The question is not one of moral perfection, but of moral improvement. It is a step in the right direction.
If we can seek to regulate war in terms of morality, there is no reason such morality cannot be equally applied to the economy, as Walzer indicates. When faced with illegal or immoral orders, it is the duty of professional soldiers to refuse such orders. When such a refusal occurs, it is followed by thorough investigations, and potentially courts-martial or war crimes prosecutions for those who issue such orders. In the case of the former Wells Fargo employees, the opposite occurred. Imagine the moral and societal hazard if the military permitted such retaliation against those who reported illegal and immoral behaviors.
The principles of a moral economy would seek to curb the market’s more harmful excesses while preserving its societal benefit. Developing fair and just principles to guide a more moral understanding of capitalism may provide a pathway to a more equitable distribution of income and wealth, one that creates more perfect outcomes for society at large.

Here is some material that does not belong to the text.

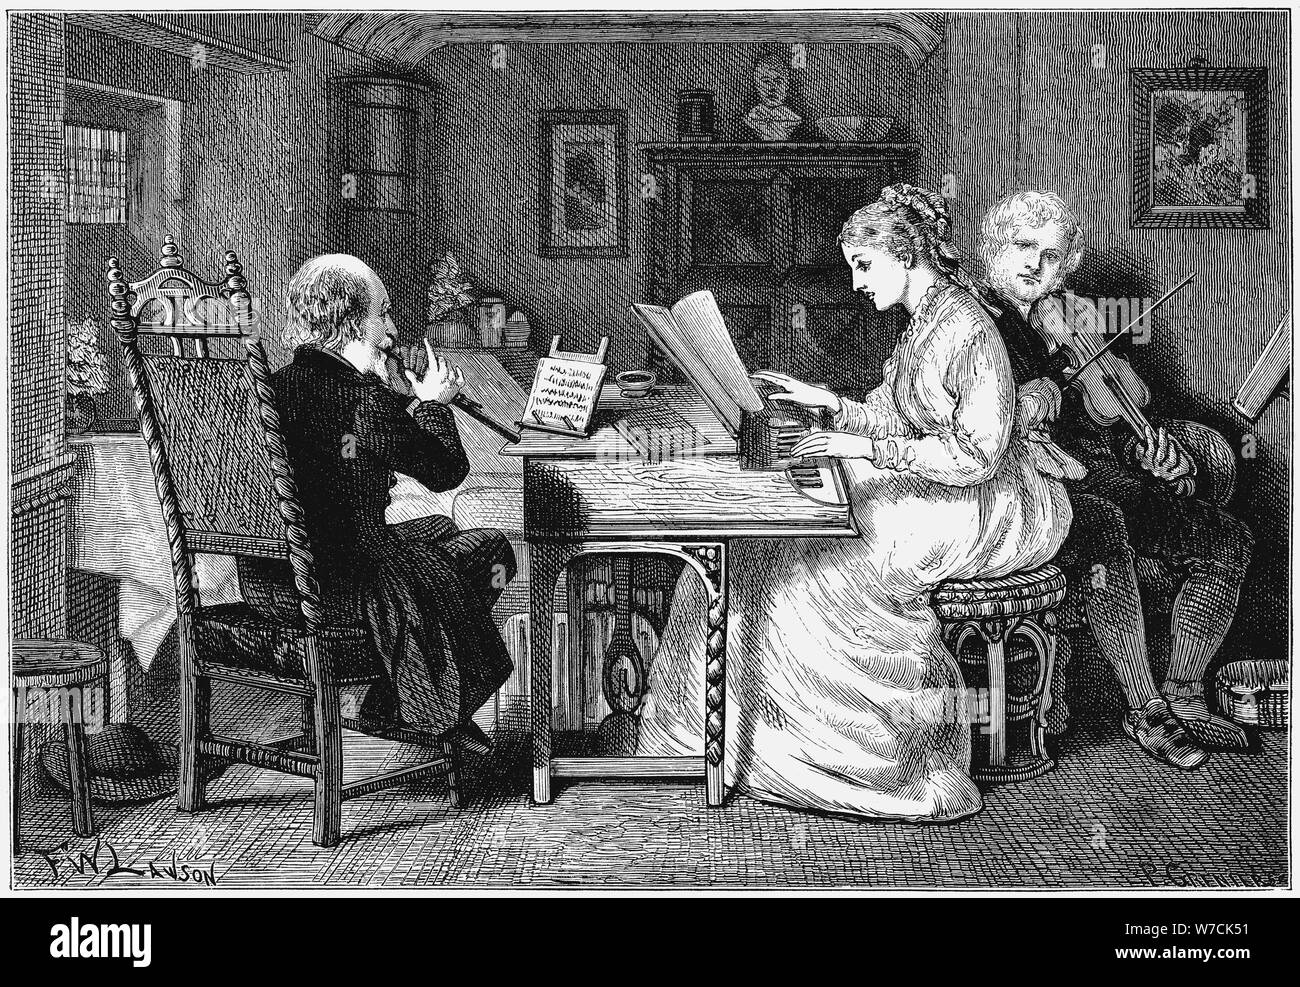 Hacer música, Londres, 1874. Artista: Francis Wilfrid Lawson Foto de stock

While the immoral economy has provided advantages to some, it has also stained society and humanity in ways that we are beginning to collectively deem to be unacceptable. The task then is to develop and implement principles of a moral economy which serves the greater good of society.
In a “just” economy, venture capitalists would consider the collateral damage (layoffs, defaulted retirements, etc.) that may result from their actions in the same way that military commanders must consider whether the use of a certain weapon in proximity to civilians would be discriminate and proportional. Chief executives would begin to care for their employees and their families the same way that professional military commanders care for their troops and their families. The promise of these outcomes, and society’s growing dissatisfaction with the current reality, makes this a conversation worth having.
Some might argue that we already have laws and regulations to perform these functions, but these have, at times spectacularly, failed to maintain the market as a truly neutral, free, and fair space. In a theoretical sense, law should approximate the normative ideal in the real world. Yet, in economic thought we have no normative ideal, no foundational morality. We have economic ideals derived from market theory, but these are not tempered by a coherent set of ethical ideals, allowing the market’s worst excesses, and resulting in many of the morally troubling outcomes produced by the economy. We need better laws and regulations, but first we must establish a foundational morality to guide their development.
To demand moral perfection or to succumb in the face of seeming futility is to turn our backs on what can be achieved by acknowledging both the ideal and the limits of reality. Applied ethics guide our interactions in the world as it exists while nudging us incrementally closer to the normative ideal and the world we seek to create.
War is inherently unjust, but the Just War Ethic has made it more just. The economy is not moral, but a foundational ethics of the economy could make it more moral. The product of such ethics would be decidedly imperfect, but it would be better than no ethics at all.